Designed a stand-out art vending machine to get art into the community and support local artists.
• Director • Board of Directors (stakeholders)
Alternator Art Mart: Local art beyond the gallery
In 2019, I worked with the Alternator Centre for Contemporary Art to develop designs for an art vending machine, a community outreach project first brainstormed 5 years prior. The goal was to get art into the hands of the community, and cash into the hands of local artists.
Thankfully a vending machine could rely on established patterns of user interaction— with each product mapped to a code in the payment terminal. But the machine needed a unique exterior to stand out, to frame its unique contents, and to encourage community interaction.
Since launching, it’s dispensed 450 art objects and become a staple of Kelowna’s tourist economy and art scene, with a second machine recently installed at the Kelowna Art Gallery.
Art for art’s sale
I had first discussed the possibility of an art vending machine with the Alternator’s director in 2013. I was an art/design school student in a practicum with the gallery, drafting up community outreach projects from wearable merch to downhill sculpture-racing competitions. It was 2019 that the vending machine plan was picked up again, thanks to a community member’s friendly donation of a newer model. When the Alternator approached me, I was excited to help them design the exterior.

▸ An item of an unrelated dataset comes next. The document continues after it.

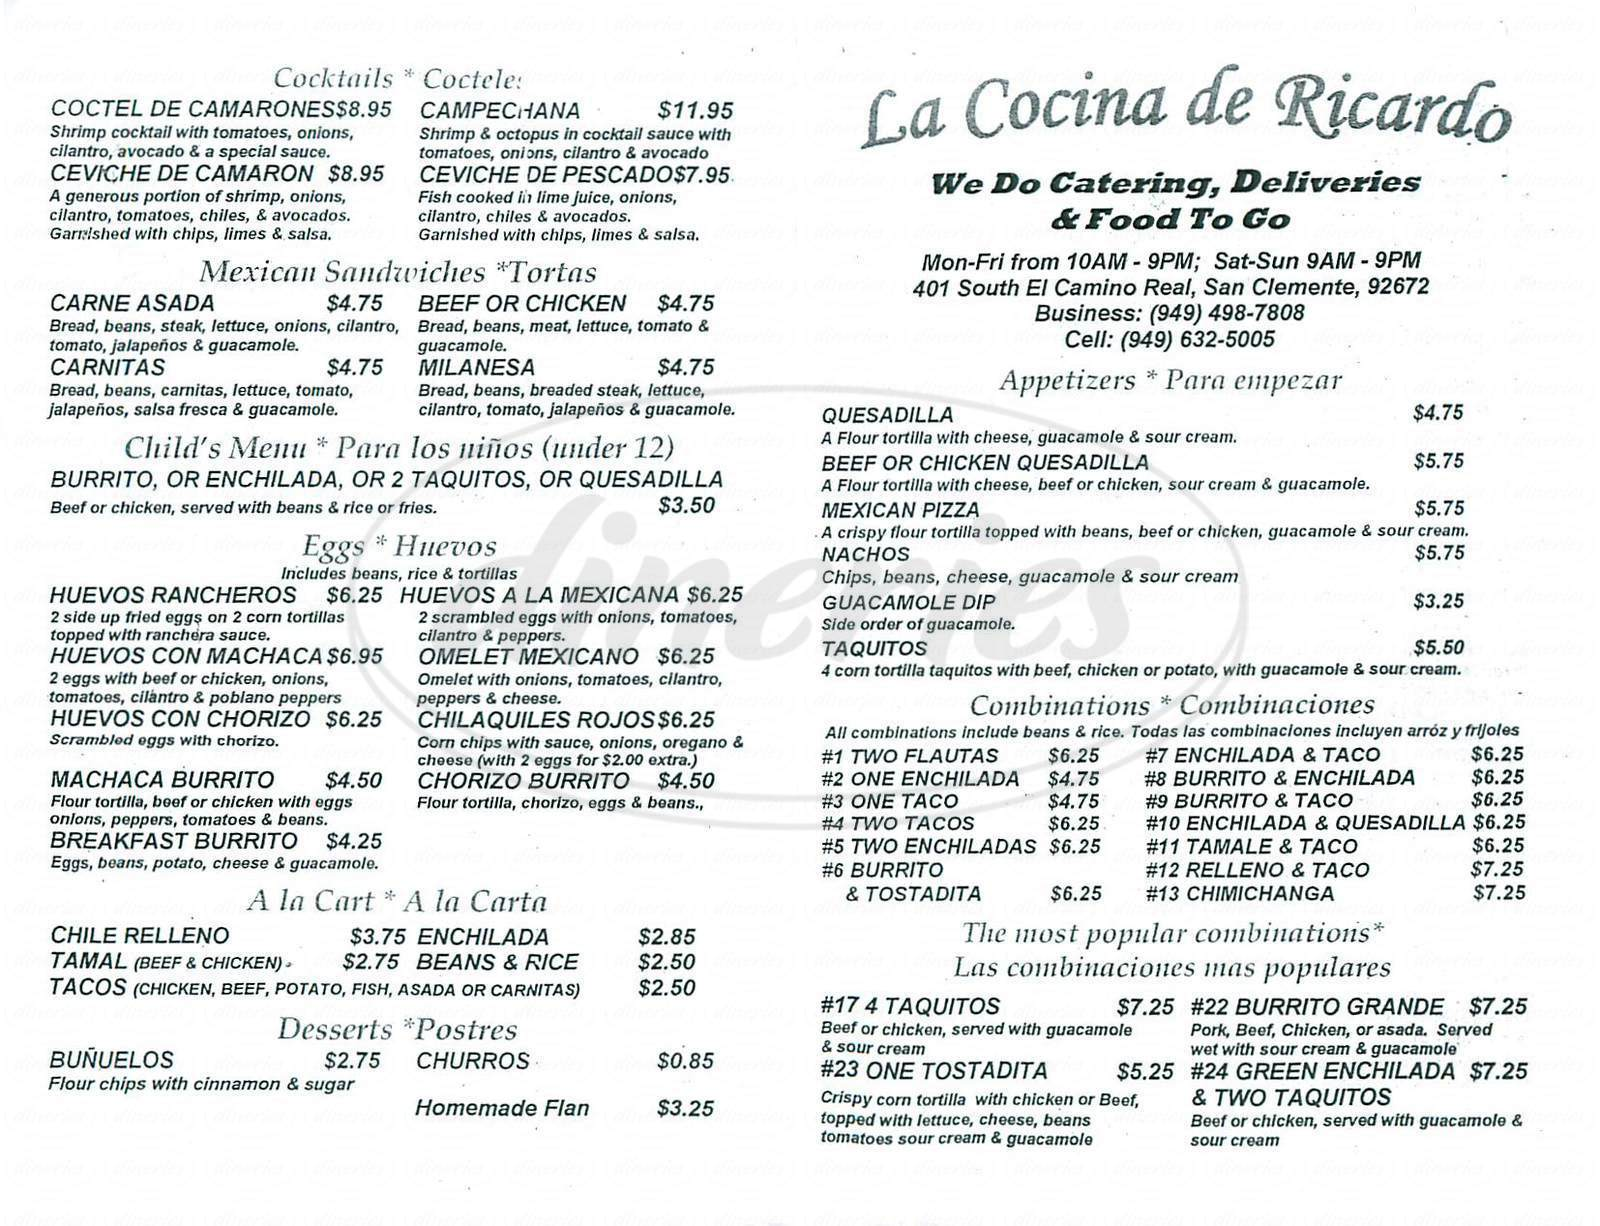 menu for La Cocina de Ricardo

As an artist-run centre, the Alternator often rely on temporary art-in-the-community projects, and community events. So their plan to put an art vending machine in the community was their chance at a long-term engagement. As an interactive art object itself, its art works would be consistently refreshed. But it needed to look and feel like a distinctive art object itself, to frame and encourage a novel interaction.
They wanted something eye-catching and distinctive. But it couldn’t look like other vending machines. The stocked art would be unique and locally produced. After some “competitor” research, we found that vending machines traditionally boasted loud, colourful, hyperreal graphics— trending toward loud, colourful, and flat graphics.
I created variations that emphasized the Alternator’s red-and-black brand colours, getting inspired by various moments and approaches to art and design. I looked at Bauhaus School, Soviet Constructivism, and 90s zines and artist books.
I did what I could to create three designs that would meet the project’s needs. The director and board wound up unanimously agreeing on what we all thought was the most fun and unique direction. Inspired by deskilled drawings of the 90s zine movement and artists like David Shrigley. This approach to drawing brought in the artists’ hand to make something naive and approachable, just as suited to political messaging as a silly doodle. We went with a silly doodle, leaving any political messaging up to the art inside. I loosely rendered characters who interacting with blobby objects labeled “art,” alongside quirky text that read “please buy the art” and “do not eat the art.”
Adapting to its natural environment
We kept costs low and longevity in mind by producing the graphics for cut vinyl rather than print. Ultraviolet light streaming through the foyers of art centres and community spaces can cook the art right off a CMYK print in no time. Prints are also more costly and time-consuming to produce.
It was important to have art on all sides, to adapt to new orientations and locations. First located in the Rotary Arts Centre, it’s since found more success moving to BNA, Kelowna’s most popular brewery and night-life location.
Since the first vending machine opened, it’s provided artists thousands of dollars in support, and become a part of Kelowna’s tourist economy and art scene. It’s also helped meet the Alternator’s goal of getting art into the community. It’s dispensed over 450 local art objects and counting.
I’ve since helped the Alternator with designs for a second ArtMart, with graphics inspired by the first. It features monsters and creatures who collect, wear and hoard art objects. It’s was recently installed in the Kelowna Art Gallery.